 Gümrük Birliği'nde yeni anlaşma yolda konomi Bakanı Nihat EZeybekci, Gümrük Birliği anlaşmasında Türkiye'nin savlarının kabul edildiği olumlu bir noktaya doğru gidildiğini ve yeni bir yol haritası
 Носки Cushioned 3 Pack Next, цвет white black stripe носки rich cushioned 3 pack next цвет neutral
◆ ◆ ◆ ◆ ◆ ◆ ◆
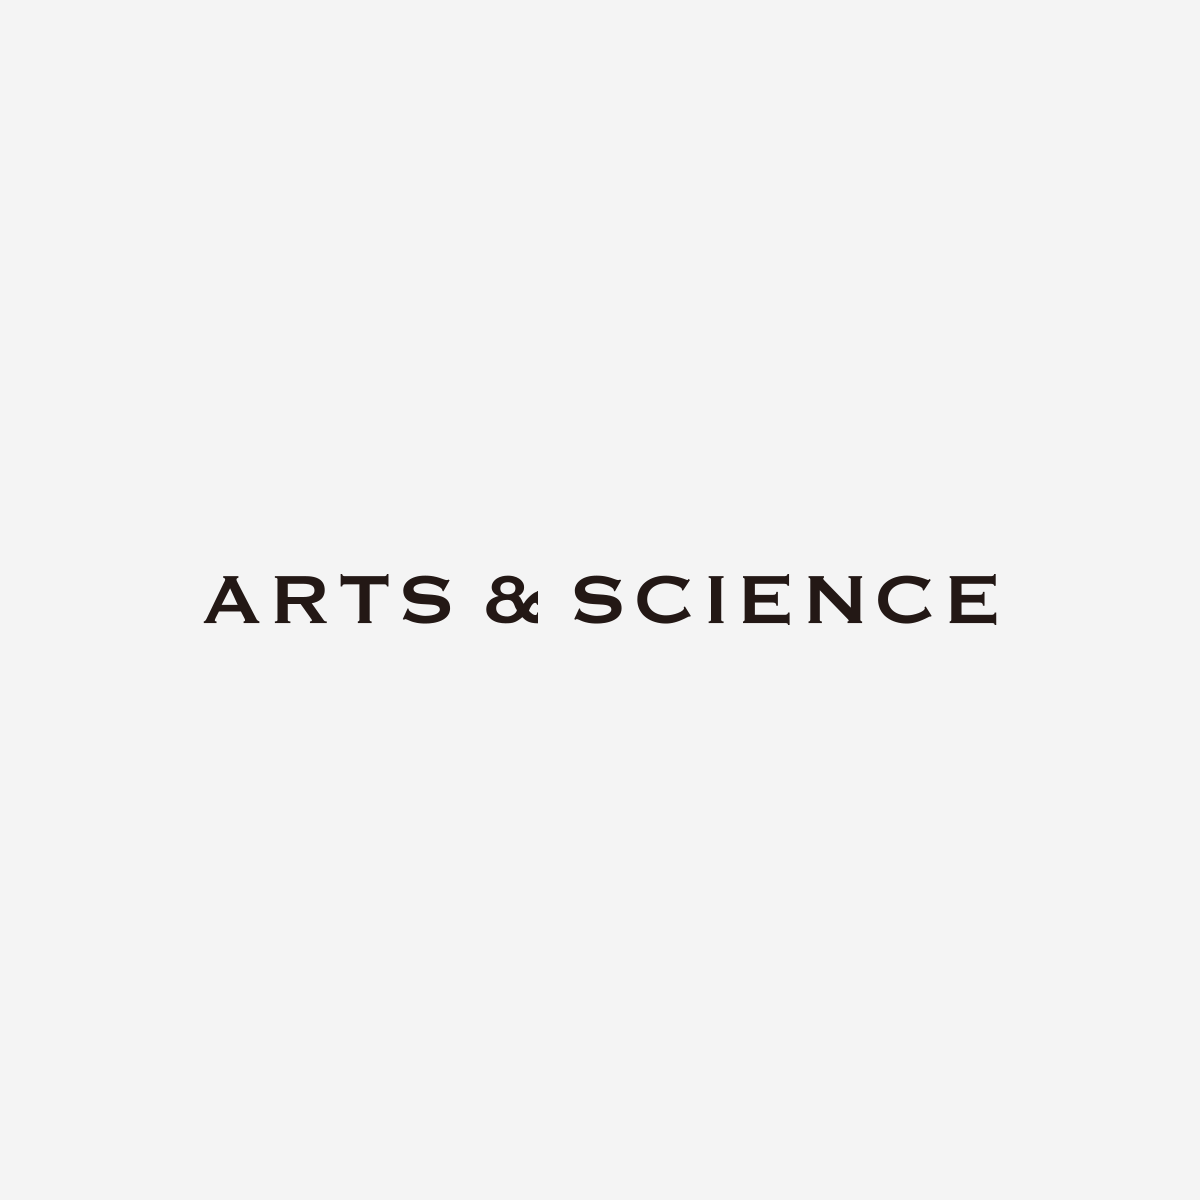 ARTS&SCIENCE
◆ ◆ ◆ ◆ ◆ ◆ ◆
Task statement ->
The lines to extract from the data above begin with the line containing "Gümrük Birliği'nde yeni" and end with the line containing "Носки Cushioned 3". Extract them exactly, including both.

Exercise result ->
 Gümrük Birliği'nde yeni anlaşma yolda konomi Bakanı Nihat EZeybekci, Gümrük Birliği anlaşmasında Türkiye'nin savlarının kabul edildiği olumlu bir noktaya doğru gidildiğini ve yeni bir yol haritası
 Носки Cushioned 3 Pack Next, цвет white black stripe носки rich cushioned 3 pack next цвет neutral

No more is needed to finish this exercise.